When David returned, he gave my husband a little more of the liquid in his thermos, which made my husband’s face relax and made his breaths deeper and longer. “We can give him more if he really begins suffering,” he said, but neither Fritz nor I said anything in response.
At noon, I made some lunch, but no one ate it. At 19:00, David reheated the lunch in the oven, and this time, all three of us ate, sitting on the floor in my husband’s and my bedroom, watching him sleep.
None of us said anything, or not much. At one point, Fritz asked David, “Are you from the Interior?” and David smiled, a bit, and said, “Something like that,” which made Fritz stop asking questions.
“I’m in the Finance Ministry,” he said, and David nodded. “I guess you knew that already,” Fritz said, and David nodded again.

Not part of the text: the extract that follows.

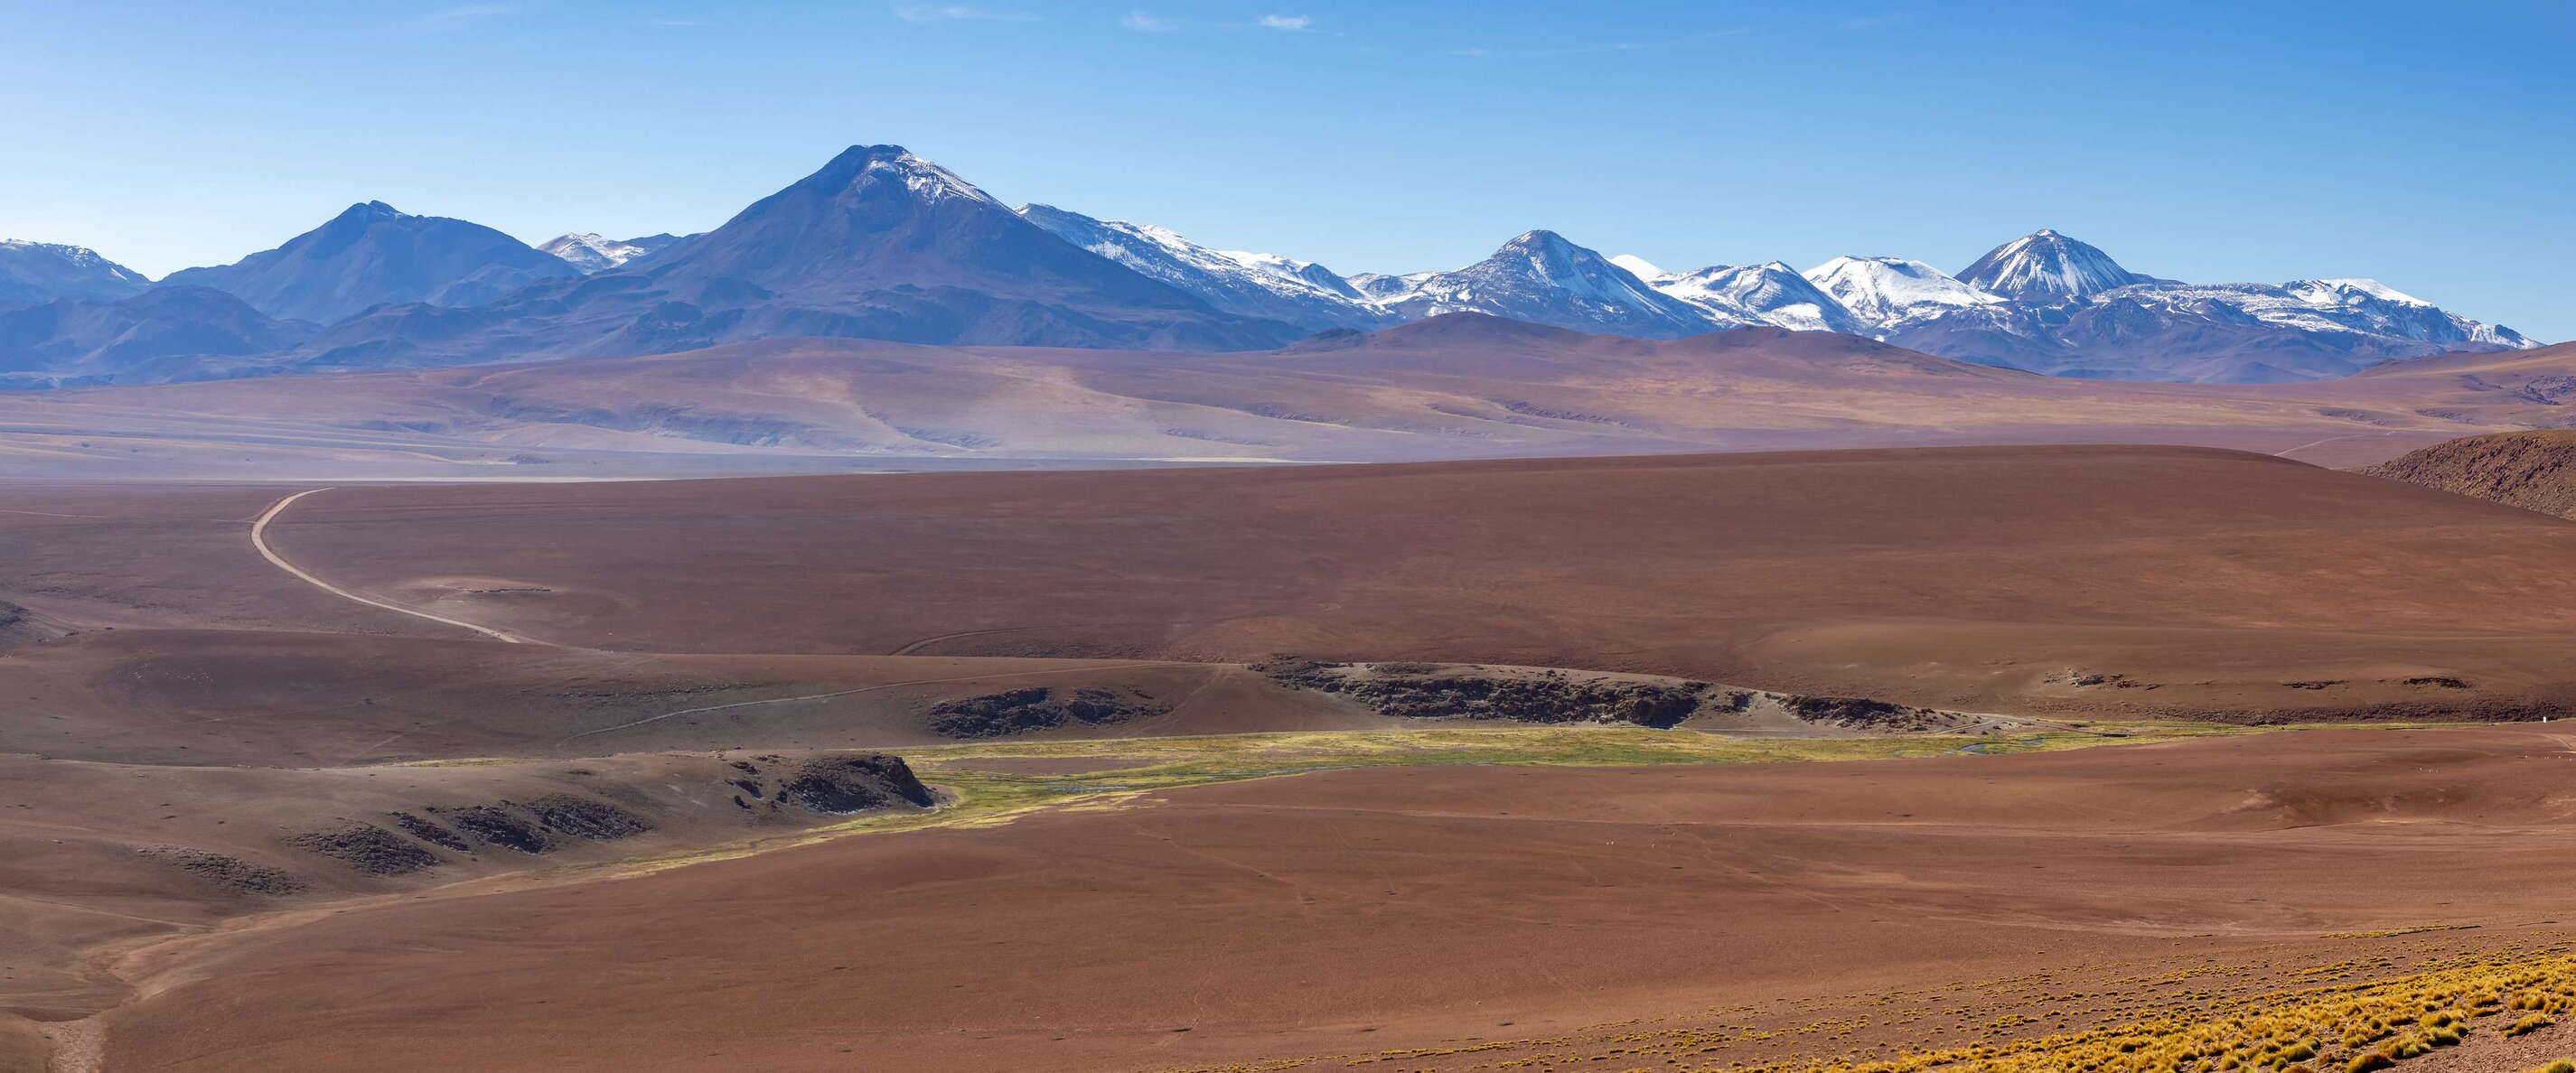 Altiplano with Río de Juana and Cerro Colorado

I suppose it would be natural to wonder if I asked Fritz about how and when he and my husband had met, and how long they had known each other, and if he was the person who had sent my husband those notes. But I did not. I thought about it, of course, over many hours, but in the end, I didn’t. I didn’t need to know.
I slept in my bed that night. David slept on the sofa in the main room. Fritz slept next to my husband in his bed, holding him even though my husband couldn’t hold him back. When I heard someone saying my name, I opened my eyes to see David standing over me. “It’s time, Charlie,” he said.
I looked over to where my husband was lying, very still. He was breathing, but barely. I went and sat on the floor next to his head. His lips were a faint purplish blue, a strange color I had never seen on a human. I held his hand, which was still warm, but then I realized that it was warm only because Fritz had been holding it.
We sat there for a very long time. As the sun began to rise, my husband’s breathing became harsh, and Fritz looked over at David, who was sitting on my bed and said, “Now, please, David,” and then looked over at me, because I was his wife, and I nodded, too.